Learned helplessness and self esteem

4 strategies to work through challenges for students with learning difficulties

August 7, 2014

Students with learning difficulties often have trouble at school because they don’t have effective strategies for working through challenges.

These students can benefit from help to take charge of their own learning, monitor their behaviour and progress and make adjustments along the way.

1. Setting Goals

When done in the right way, goal setting gives students power over their own learning and opportunities to look at their own behaviour and identify ways they can improve. Setting goals helps students identify what they need to do, lets them see how they are progressing, and motivates them to act productively.

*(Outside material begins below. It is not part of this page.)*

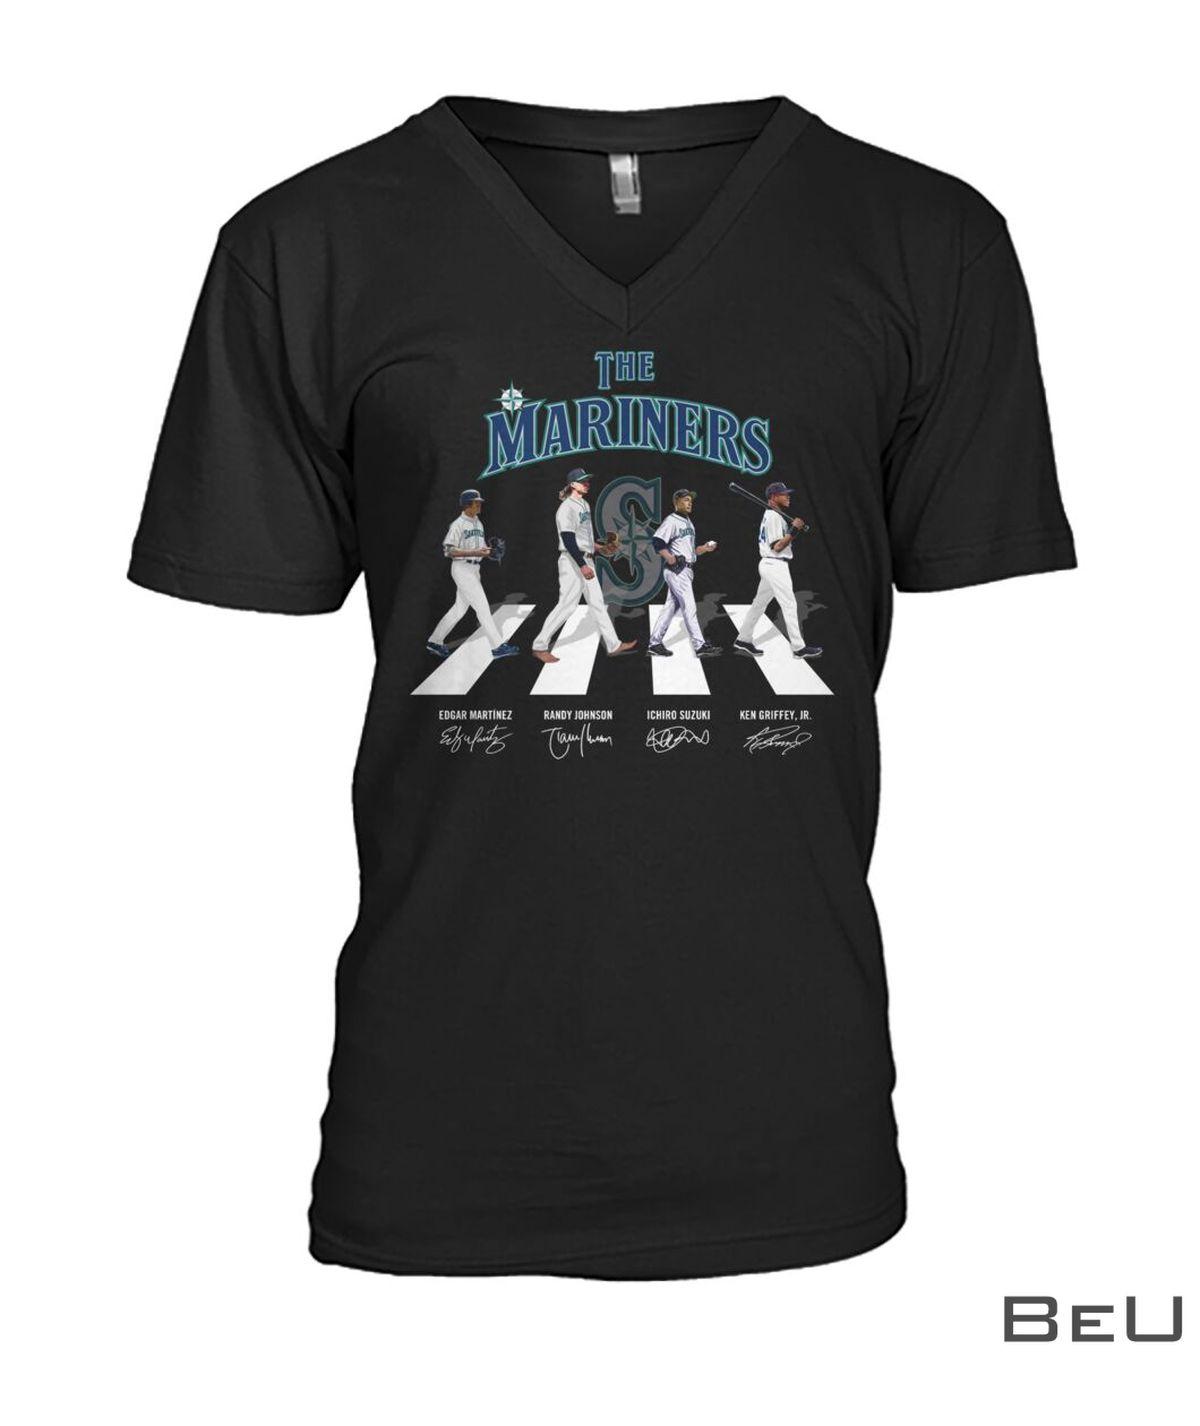 The Mariners Edgar Martinez Randy Johnson Ichiro Suzuki Ken Griffey Jr Shirtc

The goals students set for themselves should be specific and challenging, but not too hard. The student should be able to reach their goal quickly so they can feel good and move on to the next goal. As every student is different, every students goals will be different. One student might identify that they don’t get their homework done because they aren’t managing their time, so might decide to cut out a recreational activity to achieve the goal of getting their homework done before dinnertime. Another student might identify that he struggles with homework because he forgets to bring the homework instructions home, so he might realise he needs to bring his notes home so he can reach his goal of completing his homework each day.

2. Self-Monitoring

Self-monitoring involves a student asking himself whether he has engaged in a specific, desired behaviour. A student might ask himself, Am I using my time in the right way to complete my homework by dinnertime? Or, Did I put all of my assignments in my backpack to take home? Students may also self-monitor for behaviours like paying attention, staying on task, and meeting performance expectations such as completing all homework problems or spelling 8 of 10 spelling words correctly.

3. Self-Talk

This is part of normal development for many younger children and can be effective at any age when used to self-monitor and direct learning behaviour. For example, a student who is having trouble understanding a challenging text might think, I need to look up the definitions of these unfamiliar words and read this page again.

Students can use self-talk to remind themselves to focus their attention, to take positive steps when faced with difficulties, and to reinforce positive behaviours. Teachers and parents can model effective self-talk, but should allow each student to create and use her own statements. Taking some time to write out some useful statements before starting a new project or beginning a homework assignment can enable students get themselves out of a tight spot.

4. Self-Reinforcement

Self-reinforcement occurs when a student chooses a motivating reward and then awards it to himself when he achieves a milestone. Self-reinforcement can be short or long term and can relate back to goals that have been set. The student who has identified time-management as an issue, for example, might decide, I can go to the movies on Sunday because I finished all of my homework before dinnertime every night this week.

Self-reinforcement can also work well in the classroom. Teachers and students can select rewards together and teachers can let students know how to earn them. Once a student has met the criteria for a reward, she can award it to herself – say, by selecting a sticker for her journal after completing the day’s writing assignment and getting her teacher’s approval.